Throughout his career, Nationals ace Max Scherzer has dedicated the necessary time and effort to preparing his body for heavy workloads. He's now been rewarded with six straight seasons of at least 200 strikeouts, adding yet another accomplishment to his already lengthy list.
With his strikeout of Wily Peralta in the fifth inning of the Nats' 15-2 win vs. the Brewers on Thursday, Scherzer became the 11th pitcher since at least 1901 to reach the plateu. He is also the 23rd pitcher since at least 1901 to compile at least 200 K's in six or more seasons in a career.
"That's a good size plateau to reach, and I'm very appreciative to have the health be able to do this for six [seasons], to be able year in and year out to be healthy and have the stuff to be able to do that," Scherzer said.

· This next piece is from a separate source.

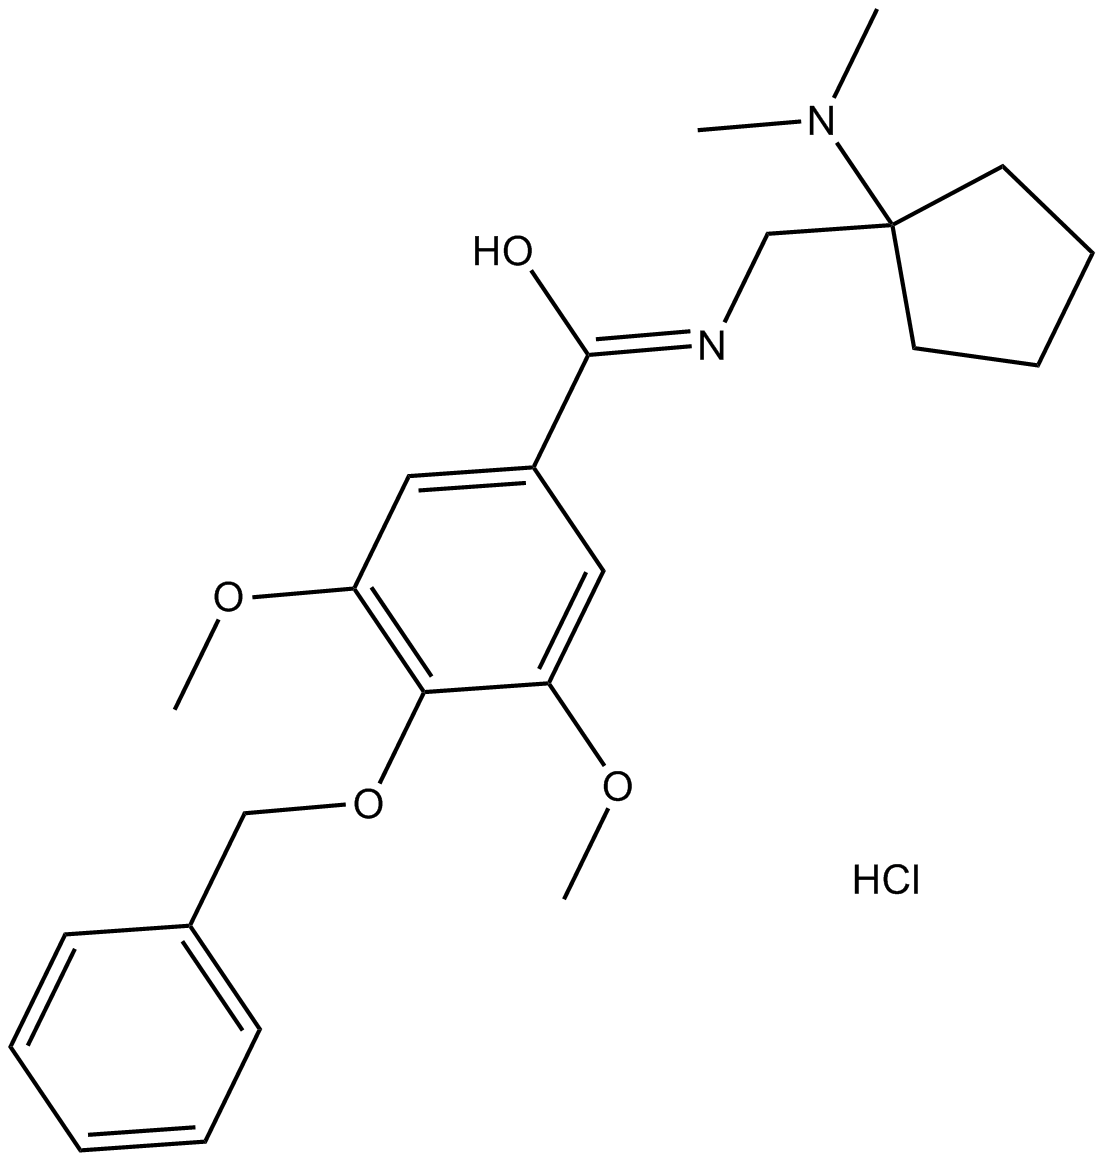 Org 25543 hydrochloride  Chemical Structure
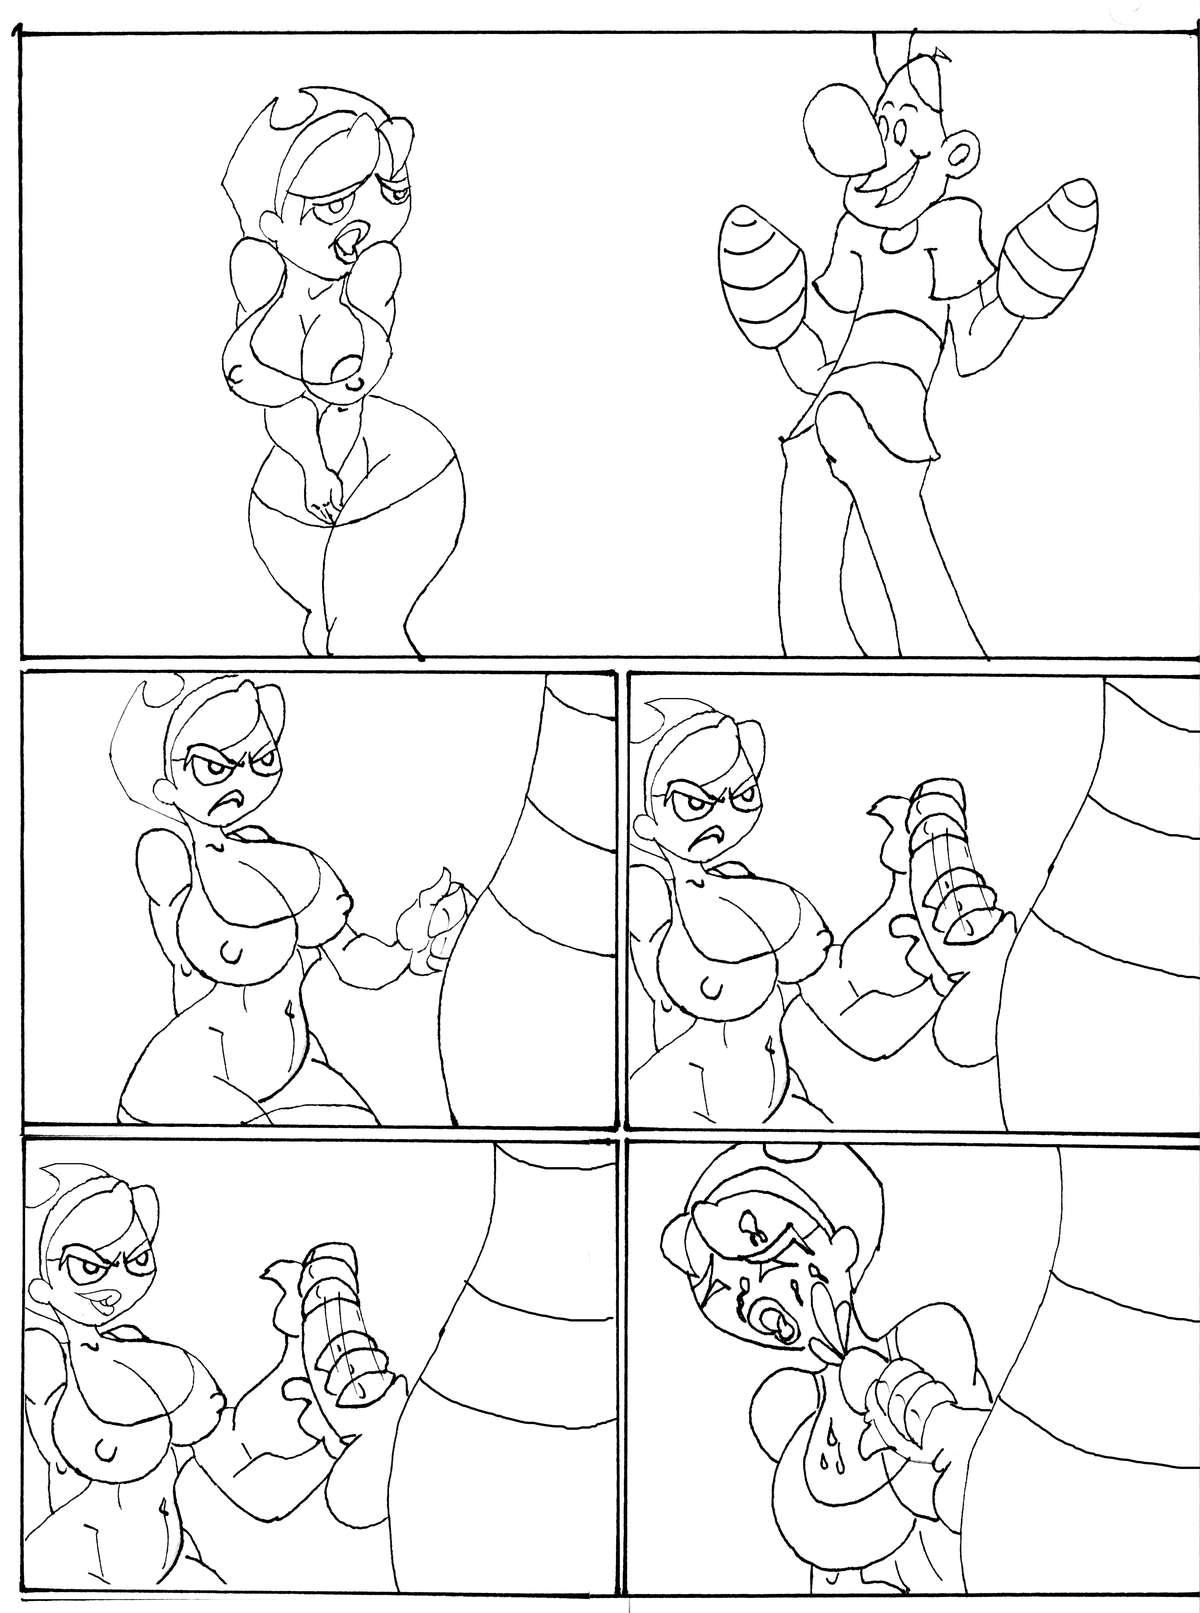 Petera billy y mandy - The grim adventures of billy and mandy Lingerie - Page 5

Scherzer, pitching on his 33rd birthday, is also the lone current hurler in the game to have an active streak of six consecutive seasons with 200 or more strikeouts. No one can tie him this year either, as he was the only one with five straight coming into 2017. He joins the Dodgers' Clayton Kershaw, the Tigers' Justin Verlander and the Mariners' Felix Hernandez in the exclusive club of active pitchers with six 200-plus strikeouts seasons.
"If there's any guy that I want out there on the mound at any given moment, it's Max Scherzer," said Nationals slugger Bryce Harper, who was in the line of four straight home runs during Washington's third-inning outburst off Milwaukee starter Michael Blazek.
The reigning National League Cy Young Award winner, Scherzer set a career high in 2016 with 284 strikeouts. But having already surpassed the 200-K mark with more than two months of baseball left to play, he has a legitimate chance to set another personal best in '17.
Scherzer is on pace for 326 strikeouts for the year, a total that would be the most for any pitcher in a season since all-time great Randy Johnson struck out 334 batters in 2002.
Scherzer logged more than 170 innings each year after his rookie season with Arizona (in which he made just seven starts), and he is on track to set a new career high in that category this season, as well.
A 10-year veteran, Scherzer has spent a total of 16 days on the disabled list since entering the league in 2008. There perhaps has been no pitcher more durable and more consistent in the game since the streak began.
"The hard work I put in, and all the coaches as well, catchers back there, all the coaches and video guys putting everything together," Scherzer said. "… That's why I've been able to achieve that."